Left to right: (a) Riveted beams, capitals, and horizontal trusses, Waterloo Station. London. 1869, 1878, 1885; rebuilt between 1900 and 1922 (b) Clock, Waterloo Station. (c) Exterior. 1900-22. [Click on these images for larger pictures.]
From Waterloo the South-Western rises very gently, with frequent undulations, for twenty miles. This is followed by eleven miles of 1 in 300 up, five miles level and six miles easy rise. Three miles gentle fall are followed by about nine miles of varying rising grades, mostly about 1 in 300. This takes us 54 miles from London. The road now becomes stiffer, but still undulates until the 62nd milepost. Then follow three and a half miles of 1 in 178 down, two and a half miles of 1 in 220 up and 1 in 330 down, one and a half miles of 1 in 264 up, and three miles of 1 in 165 up. Thence to Salisbury, 1 1 miles, is a descent, of which the steepest part is from post 75 to 81, being 1 in 245, 140, and 169. The 3.0 p.m. down gets 110 minutes for the 83. miles (including two stops). This is very excellent, but not so good as what follows.
From Salisbury to Exeter the gradients are very steep, and are massed together in such a way as to seriously diminish speed. . . . With the exception of the Bournemouth expresses, which run exceedingly well between London and Southampton West, there is not much speed on any of these sections. . .

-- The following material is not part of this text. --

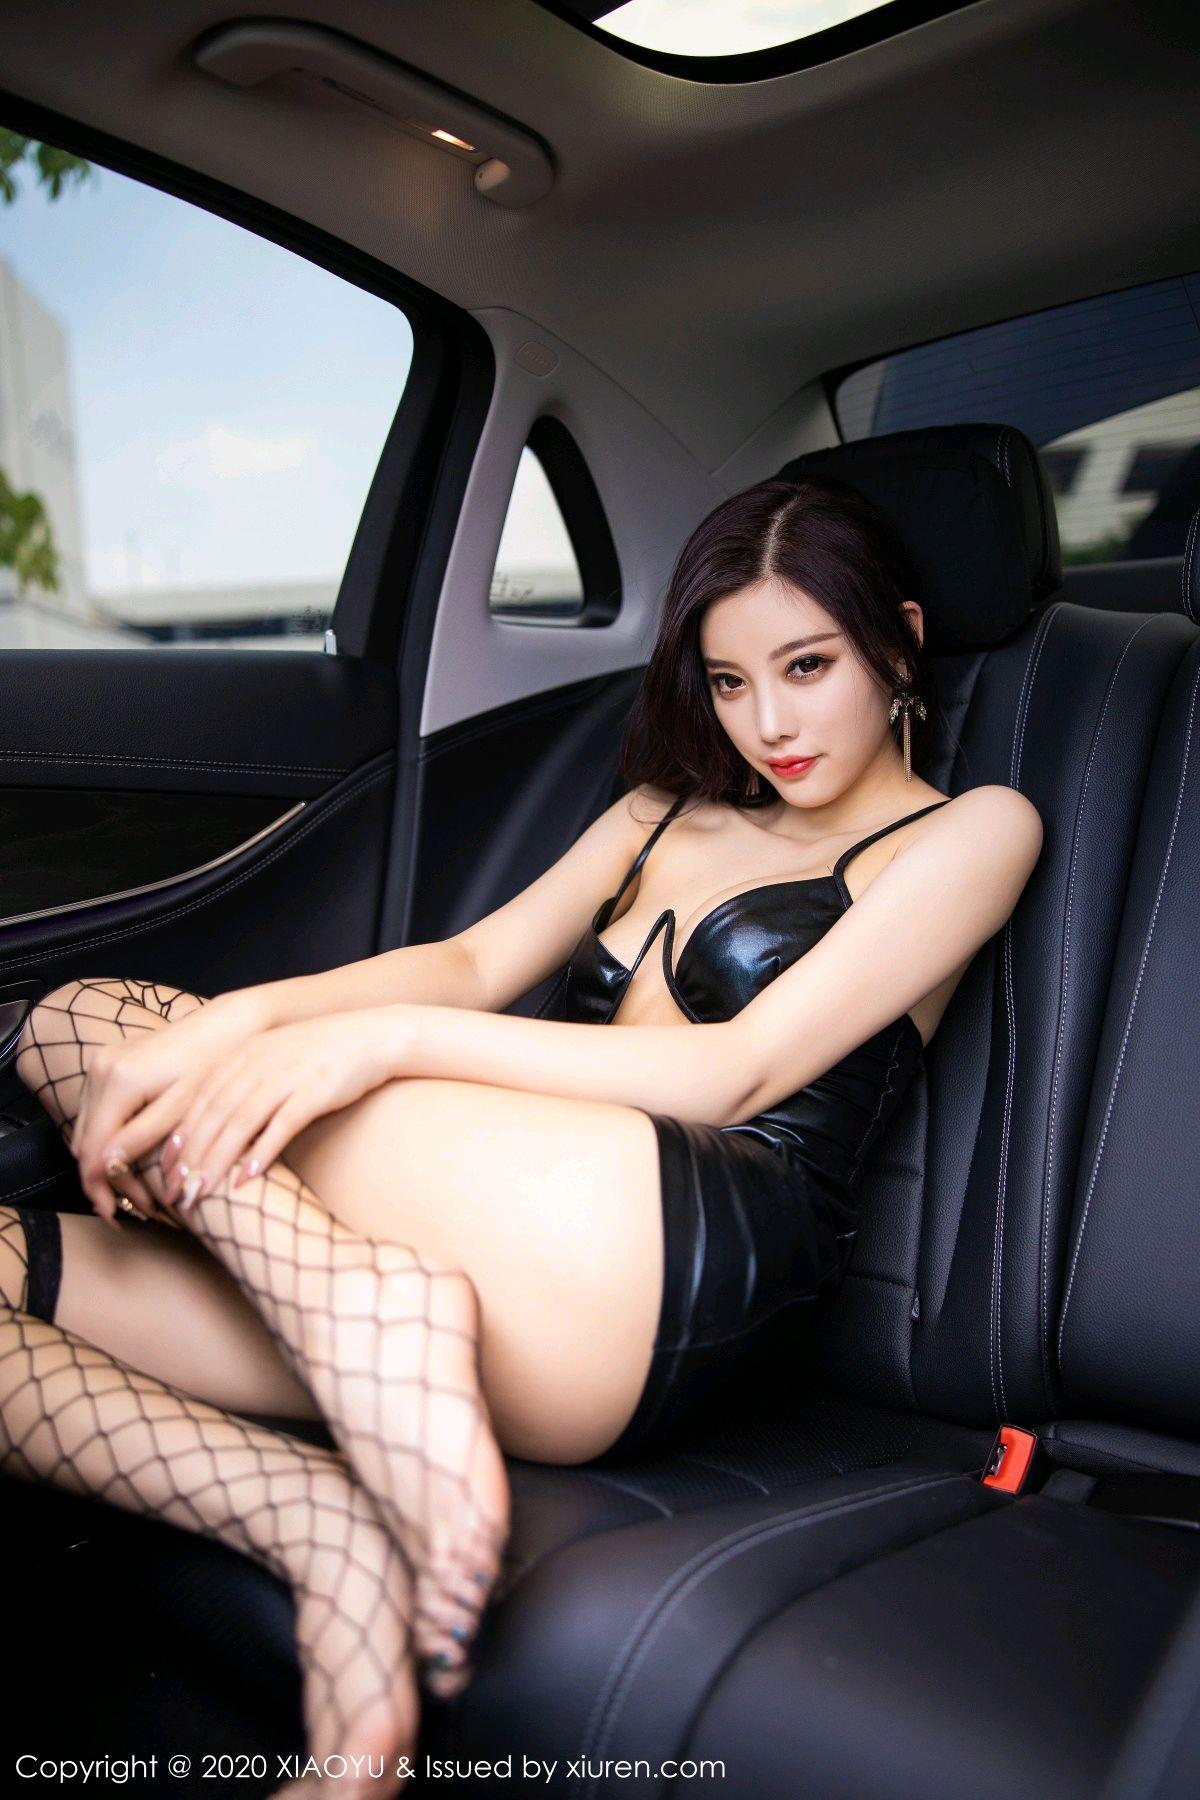 [XiuRen] Vol.338 Yang Chen Chen 78P, Outdoor, Tall, Xiuren, Yang Chen Chen
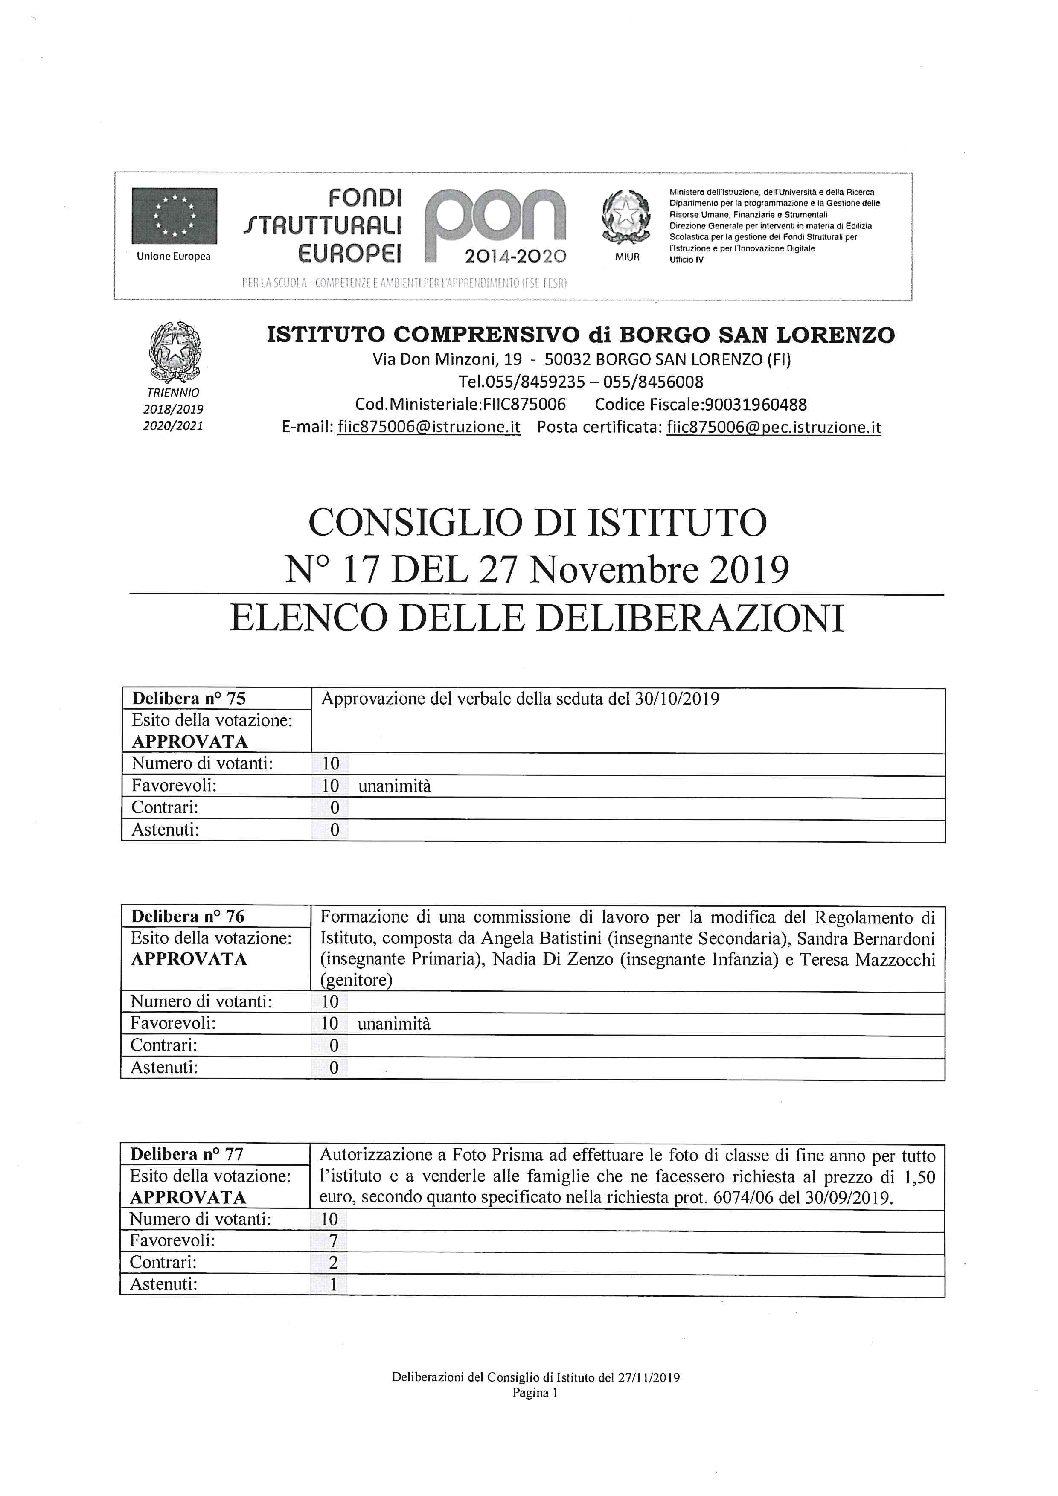 ELENCO DELLE DELIBERAZIONI DEL CONSIGLIO DI ISTITUTO N.17 DEL 27 NOVEMBRE 2019

(c) Locomotives. To perform the work thus briefly sketched out, the company have some excellent locomotives. Most of them have been constructed from the designs of the well-known Locomotive Superintendent, Mr. W. Adams. A list of some of the newer types, with dimensions as here given, will be found useful for purposes of comparison. The heavy express and other new stock is painted a bright green, picked out with black, in strong contrast with the dark-brown " Vivids," and other well-known names of Mr. Beattie's design. A large proportion, as may be supposed, consists of very serviceable tank engines. These, and, indeed, nearly all the locomotives for passenger traffic (except two classes of tanks, and a powerful type of mixed traffic engine lately built), have the combination of a leading bogie and outside cylinders. For passenger trains, indeed, the outside cylinder would seem to have been the rule on this line almost from the earliest date. The goods engines, on the contrary, are furnished with inside cylinders. Many old specimens still doing duty by the side of the much more powerful constructions of recent date serve to indicate the vast strides made by the company in this direction. The coal consumption for all classes is about 27 lbs. per mile. This low figure is, of course, explained by the fact that passenger traffic bears a large proportion to the total. The brake used is the Automatic Vacuum. We now present the dimensions of the various recent classes of passenger engines. Quite lately, a new express type, closely approximating to his 19 by 26 engines described below, but with 6 ft. 7 in. wheels, has been built by Mr. Adams.
(d) Actual Performances. For the best of these we must look to the Bournemouth and Exeter expresses. The former are very sharply timed over a moderately hard course, and generally manage to run within their time. The long uphill piece from Southampton (17 miles averaging 1 in 240) is run over by the best up express in very creditable style. Of the Exeter expresses we have already said something. The 3.0 p.m. down makes good runs between its stopping points right through from London, and the other trains have also very quickly-limed pieces here and there. Perhaps the most creditable timing is the run from Exeter to Yeovil Junction in 62 minutes (12.45 p.m. and 6.0 p.m. up). This is at the rate of about 47 miles an hour over an exceedingly difficult course much harder than the reverse way. We append herewith a run by the 6 p.m., with a load of 14 coaches. It takes rank, we think, with some of the best performances of other lines. [75-85]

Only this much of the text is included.